ICC Jakarta – Arikel ini lanjutan dari bagian kedua mengenai “Sayidah Khadijah, Istri Tercinta dan Cinta Sejati Rasulullah saw”, oleh Euis Daryati, Lc. MA. dengan Subtema; Pernikahan Sayidah Khadijah as dan Nabi Muhamad saw, dan Sayidah Khadijah as dan Kenabian Nabi Muhamad saw sebagai berikut;
Ke-Islaman dan Keagungan Sayidah Khadijah as
Setelah mendapatkan wahyu pertama, Nabi Muhamad saw memulai perjuangannya dalam berdakwah dan menyeru orang-oarng untuk menyembah Allah Swt. Dengan kondisi masyarakat jahiliyah seperti itu yang penuh kebodohan dan khurafat, tentu mengajak mereka untuk meninggalkan perbuatan seperti itu sangatlah sulit. Berbagai tantangan dan rintangan mulai menghadang tugas suci Nabi Muhamad saw. Pada saat itu, Sayidah Khadijah as senantiasa mendampinginya dan mendukung dakwah suaminya dengan jiwa, raga dan hartanya. Tidak diragukan lagi tentang peran penting Sayidah Khadijah as dalam dakwah Islam. Sehingga ada istilah yang mengatakan Islam terjaga dengan pedangnya Ali dan tersebar dengan hartanya Khadijah. Sayidah Khadijah seorang perempuan yang sangat kaya raya, beliau telah menggunakan semua hartanya demi dakwah Islam.
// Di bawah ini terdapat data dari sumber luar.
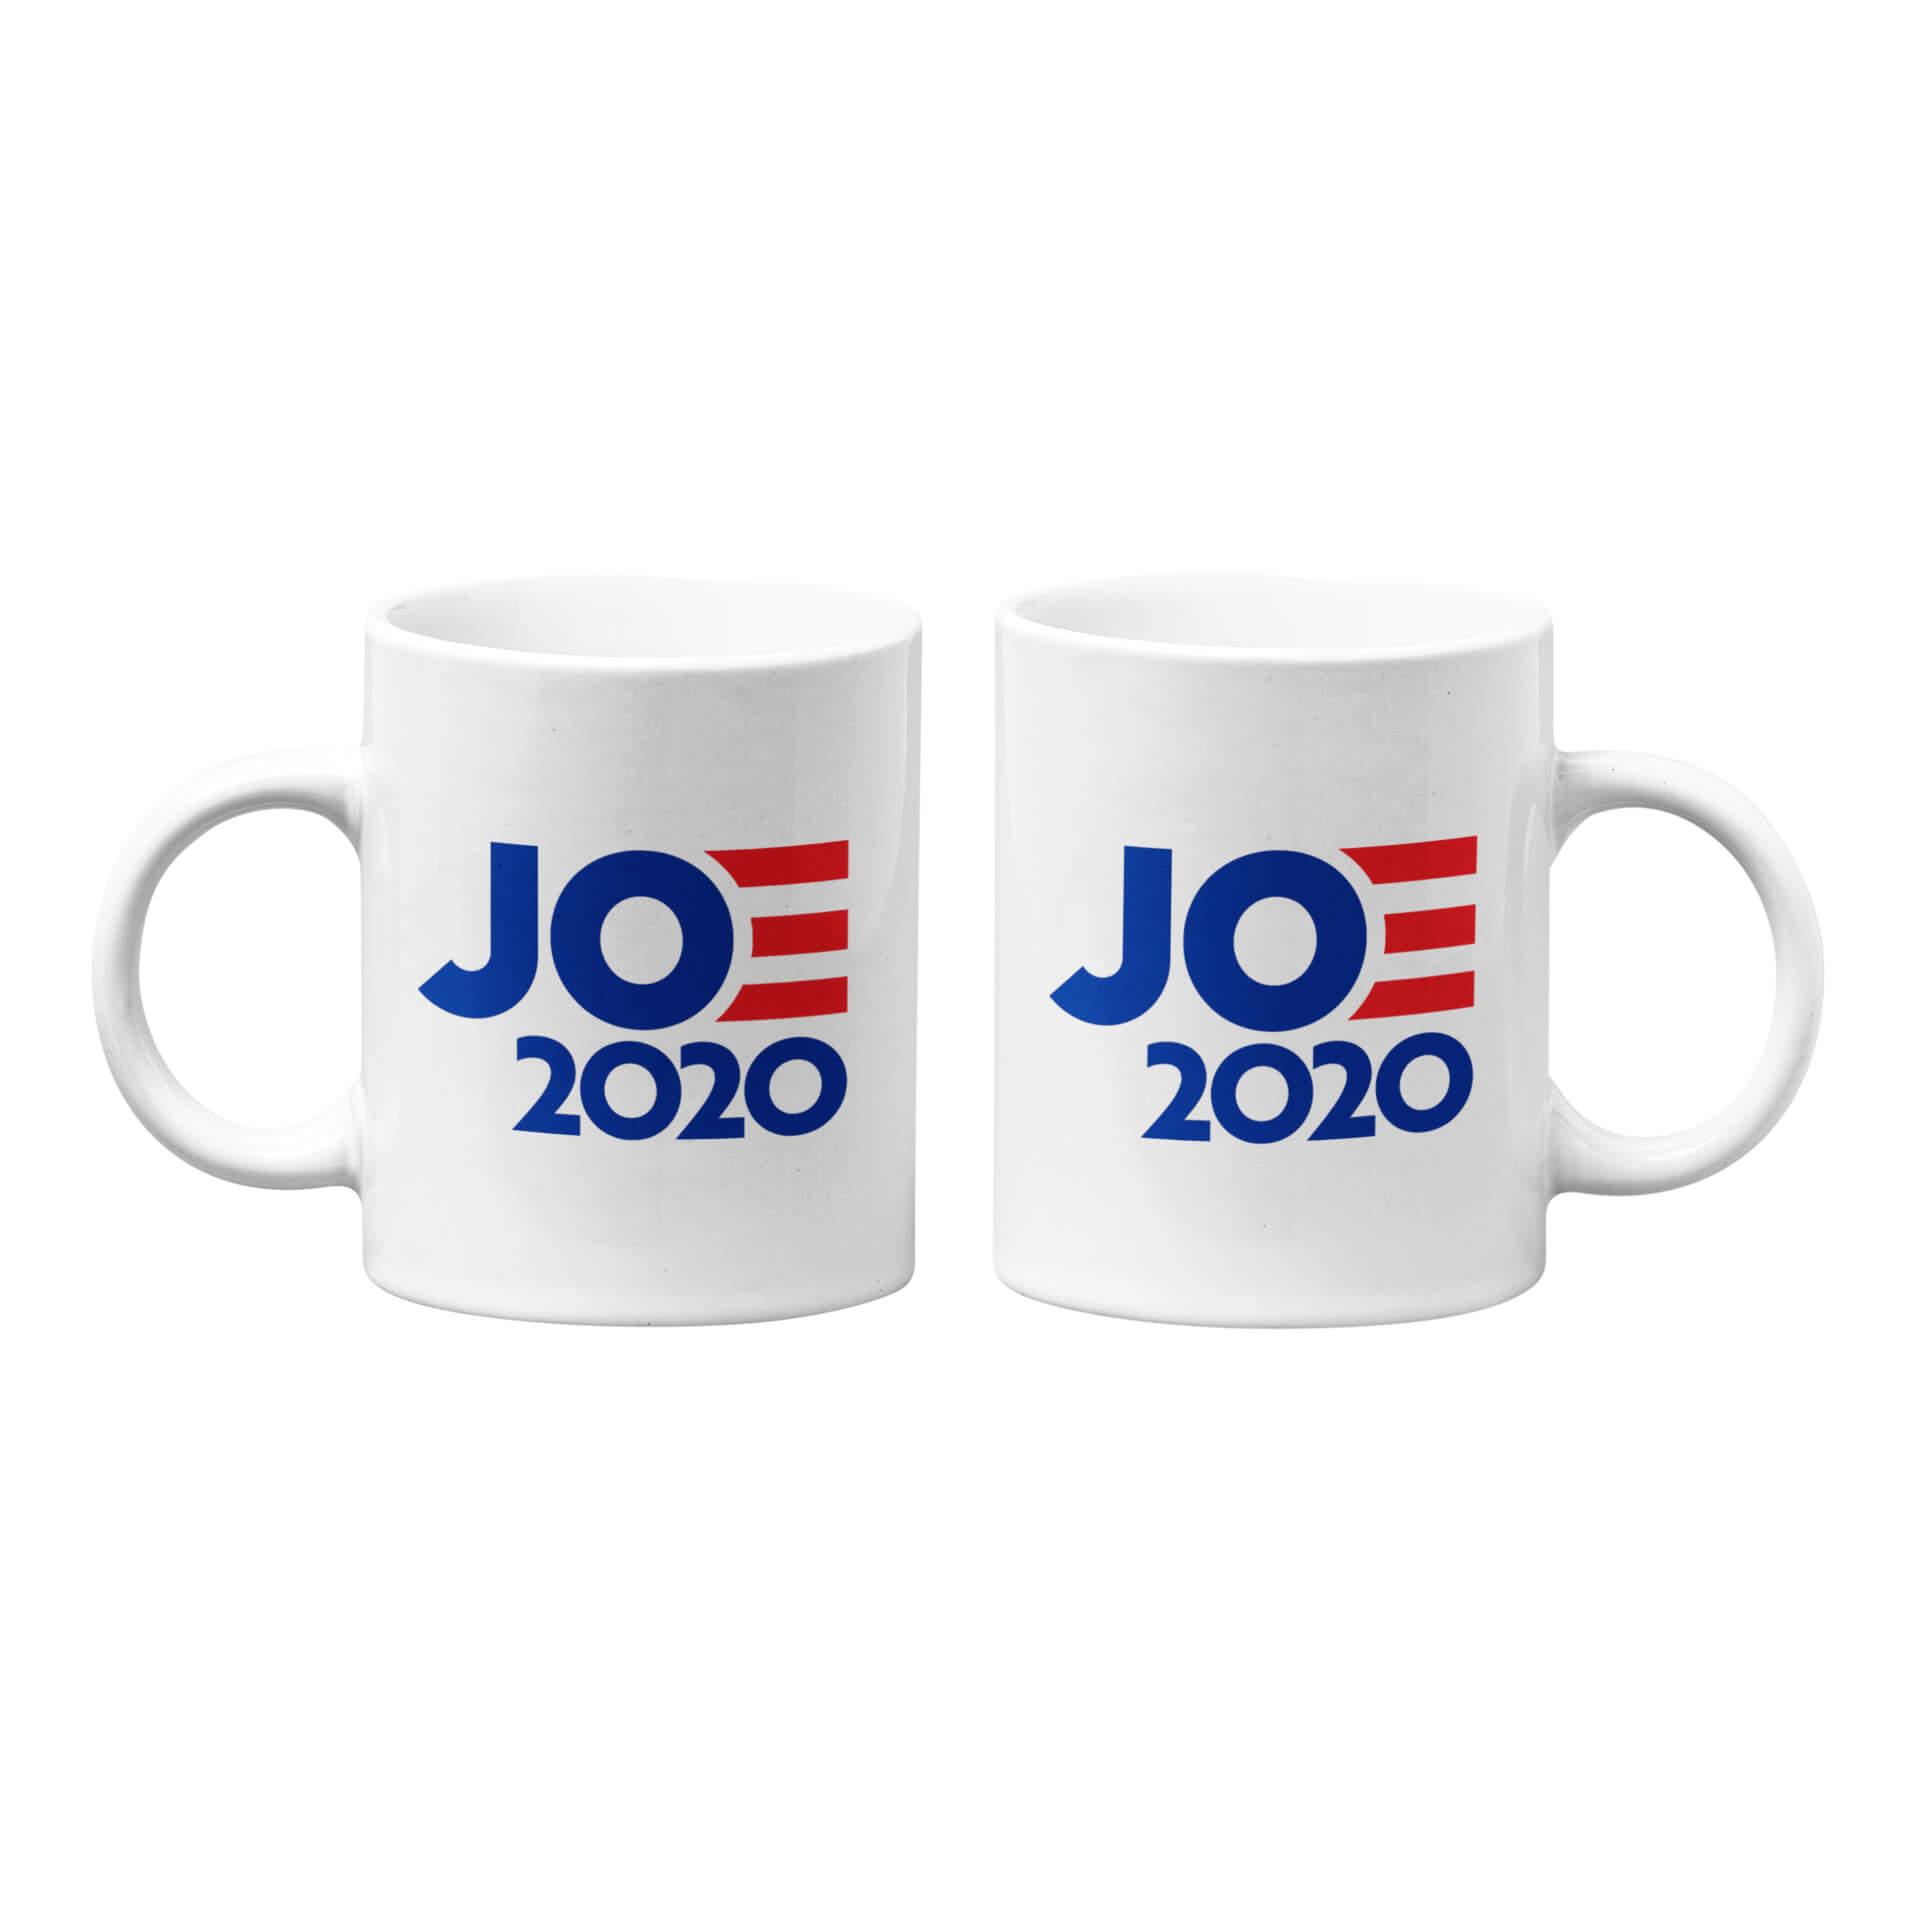 Joe Biden 2020 Mug | Joe Biden Coffee Mug

Dengan kondisi masyarakat Arab Jahiliyah seperti itu, menjadi orang-orang yang pertama masuk Islam itu merupakan suatu kebanggaan. Beberapa waktu setelah memulai dakwahnya, Nabi Muhamad saw, Sayidah Khadijah as dan Imam Ali as adalah tiga orang pertama yang beribadah dan solat di Ka’bah.
Berkaitan dengan ini Imam Ali as berkata, “Rumah yang berpusatkan Islam saat itu hanya rumah Nabi Muhamad saw dan Khadijah as, dan aku merupakan orang ketiganya.” [1]
Kebanggaan ini hanya diraih Sayidah Khadijah as, beliau merupakan perempuan pertama yang masuk Islam dan menerima seruan dakwah Nabi Muhamad saw.
Keagungan Sayidah Khadijah as di sisi Allah Swt dan alam semesta begitu tinggi sehingga pada Mi’raj pertama Nabi Muhamad saw, Allah Swt memberikan salam kepadanya. Dalam sebuah riwayat Rasulullah saw bersabda, “Pada saat Mi’raj, saat kembali dari perjalanan langit, aku berkata kepada Jibril as, “Apakah engkau ada hajat dan keperluan?” “Iya, hajatku adalah sampaikan salam kepada Khadijah dari Allah Swt dan dariku.”
Saat Rasulullah saw menyampaikan kepada Sayidah Khadijah as, beliau berkata, “Allah Swt, adalah salam atau keselamatan. Salam atau keselamatan berasal dari-Nya dan akan kembali kepada-Nya. Dan, juga salam dan keselamatan untuk Jibril.”[2]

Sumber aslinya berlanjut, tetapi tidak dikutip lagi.